2013 is set to usher in a mini-revolution in the manner in which consumers make minor point of sale payments. Contactless payment systems that allow payments to be made by merely flashing a credit or debit card or other device over a reader are likely to be operational in many Finnish retail outlets, possibly as early as this spring.

Ruokaostoksia kaupan kassalla.
Contactless payment may revolutionise the way small payments are made. Image: Yle

The new system uses radio-frequency identification (RFID) and an embedded chip and antenna in the customer’s card to make secure payments of 25 euros or under. The system is said to enable transactions to take almost half the time of conventional methods.

Large Finnish banks OP-Pohjola and Nordea already made contactless payment cards available to their customers last autumn. However, the reluctance of Finnish retailers to install the necessary point-of-sale technology has meant that customers have generally not been able to use the new system. Danske Bank does not yet offer the RFID cards, but plans to do so are in the pipeline.

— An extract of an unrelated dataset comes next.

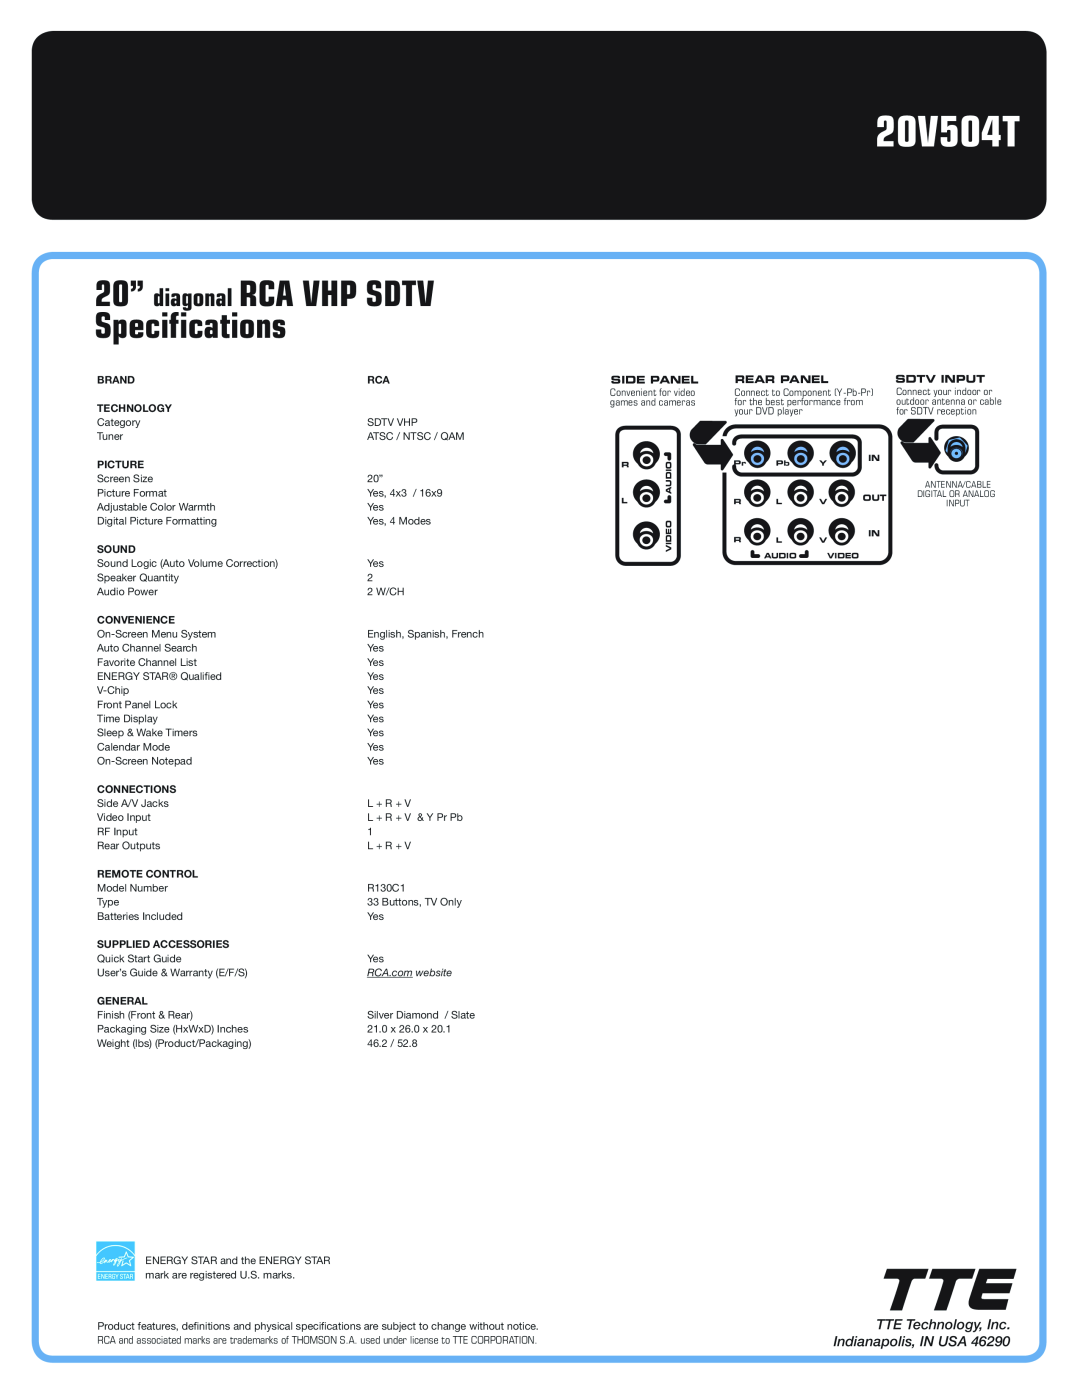 RCA 20V504T manual 20” diagonal RCA VHP SDTV Specifications, TTE Technology, Inc Indianapolis, IN USA, RCA.com website

Paula Näkki, head of the consumer cards unit at Nordea, says that the bank’s contactless payment feature will be automatically embedded in all new Visa debit cards.
 

“The ball is in the court of the retailers,” says Näkki. “At least the cards are now available to customers.”
 

Nordea predicts that the use of contactless payment at points of sale will gain in popularity this year, despite the fact that at present some stores have not yet acquired the required payment terminals. Many stores have in fact already acquired them, but the contactless reading feature has not yet been activated.

New system is gaining ground

Petri Carpén, business director at the credit company Nets Oy, formerly known as Luottokunta, believes that 2013 will be a breakthrough year for contactless payment.

However, he does point out that uptake of the new system requires action on the part of various parties, including card issuers and retailers. It is likely that trial periods will come first, leading to more widespread uptake once trust has been established through a reliable track record.

He believes that the flash-to-pay method will become increasingly popular, especially in commercial sectors in which fast turnaround is important and where the average purchase amount is relatively small.


According to Carpén, the system has slowly been gaining ground. He says it is likely to appear first in lunch restaurants, kiosks and grocery outlets.